Soon you will be hearing the screaming of victim hood when these lists come out. They will bitch about having to report at all, talk about how they will go broke if they have to pay a living wage to everyone. They will also probably suddenly be very concerned about employee privacy.
They will compare themselves to small businesses, as if they had the same resources, “Small business don’t have to do this!!! Why are you picking on us for our success!”
They will threaten to move to Texas, China or some other third world country that does the crappy jobs with employees who don’t demand things like health care. Or who think safety regulations are for wimps. (“Texas welcomes your explosives business within our city limits.” )

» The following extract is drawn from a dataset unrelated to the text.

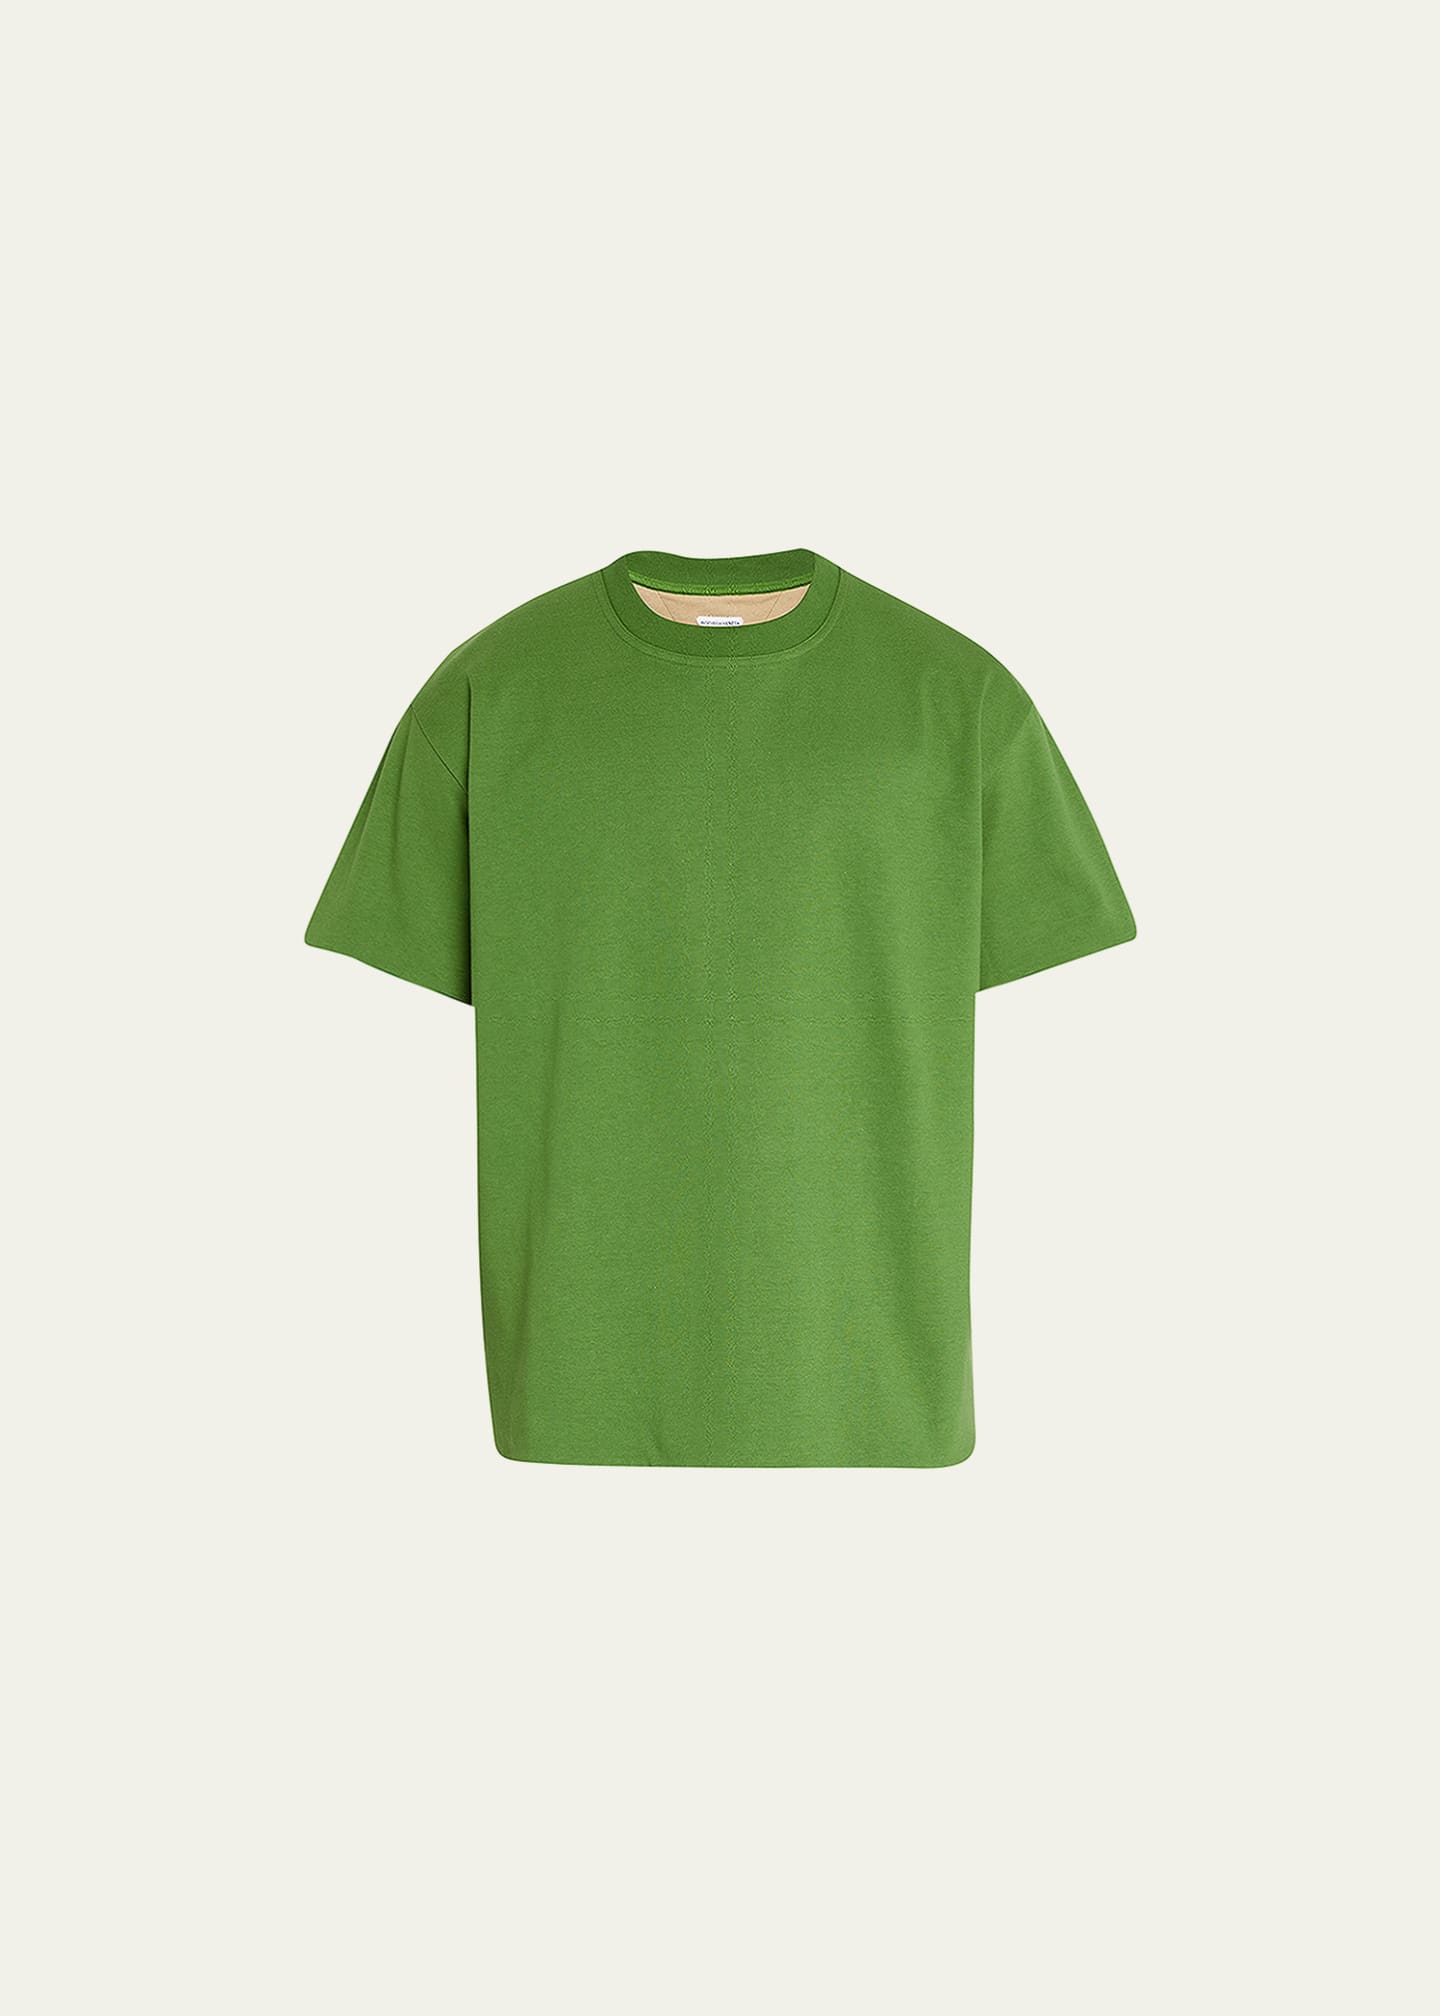 Bottega Veneta Green Crewneck T-Shirt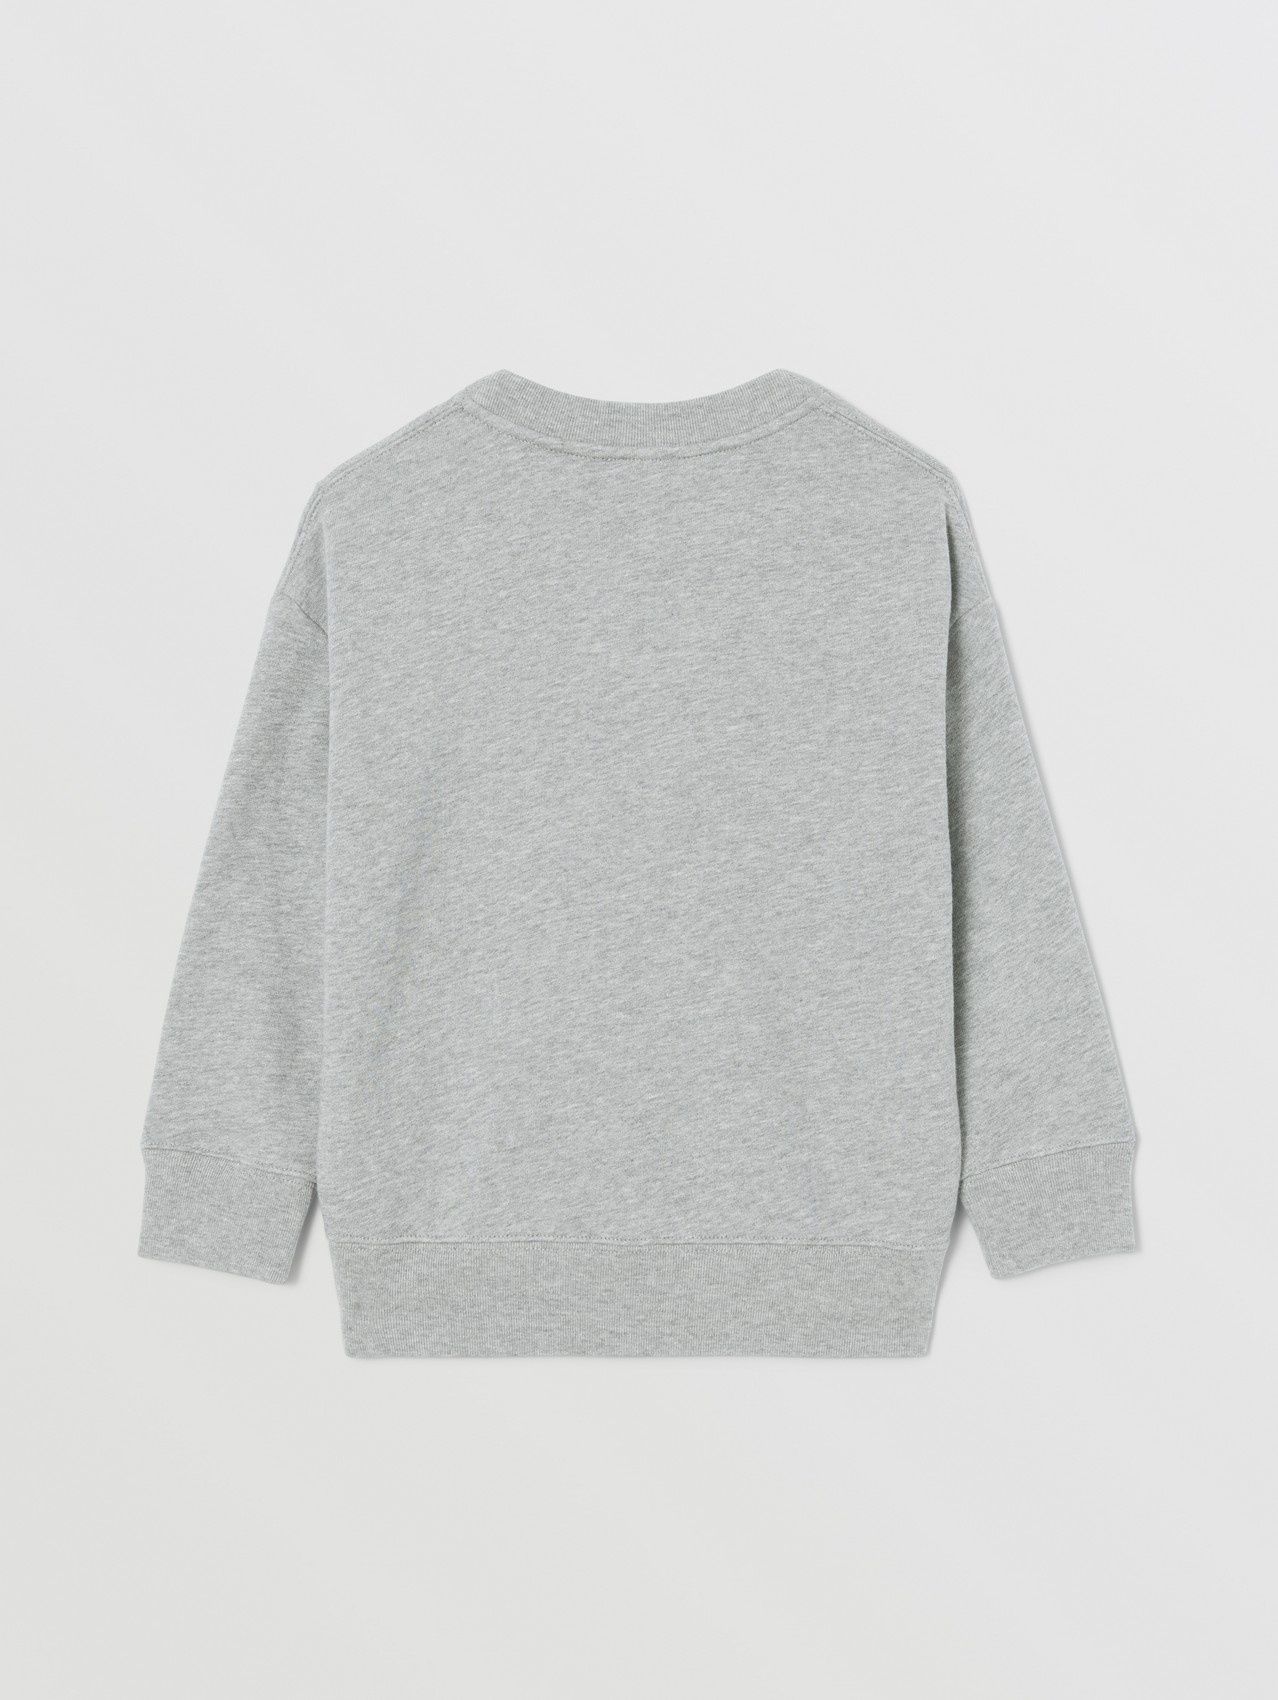 Montage Print Cotton Sweatshirt in Grey Melange

Instead of raising the wages they will fire everyone who was on medicaid, just so they aren’t on the list again. “It’s not our fault the workers can’t manage their money, we were doing them a favor by hiring them! Not anymore, THIS is the thanks we get? Public humiliation and forced to pay more money to fewer people who might not manage their money well either!”
They will say it’s our fault, “Ya happy now Liberals, see what you made me do!? I had to fire the very people you wanted to help!”
Of course the real cost savings could be in outsourcing their own jobs, but that won’t happen. Yes, the Board of Director folks could find someone to do their jobs for less, but the real benefit the CEO whiners provide to their shareholders is their professional whining about regulations and committeemen to lobbying politicians for more tax breaks. Lobbying is where they want to do all their work, it has the best ROI.
But enough about my predicting gloomy futures! This comment and the work that inspired it is good news! Sure it was buried on a Friday before a Memorial Day weekend, but it’s there and it calls for some acknowledgement, optimism and celebration!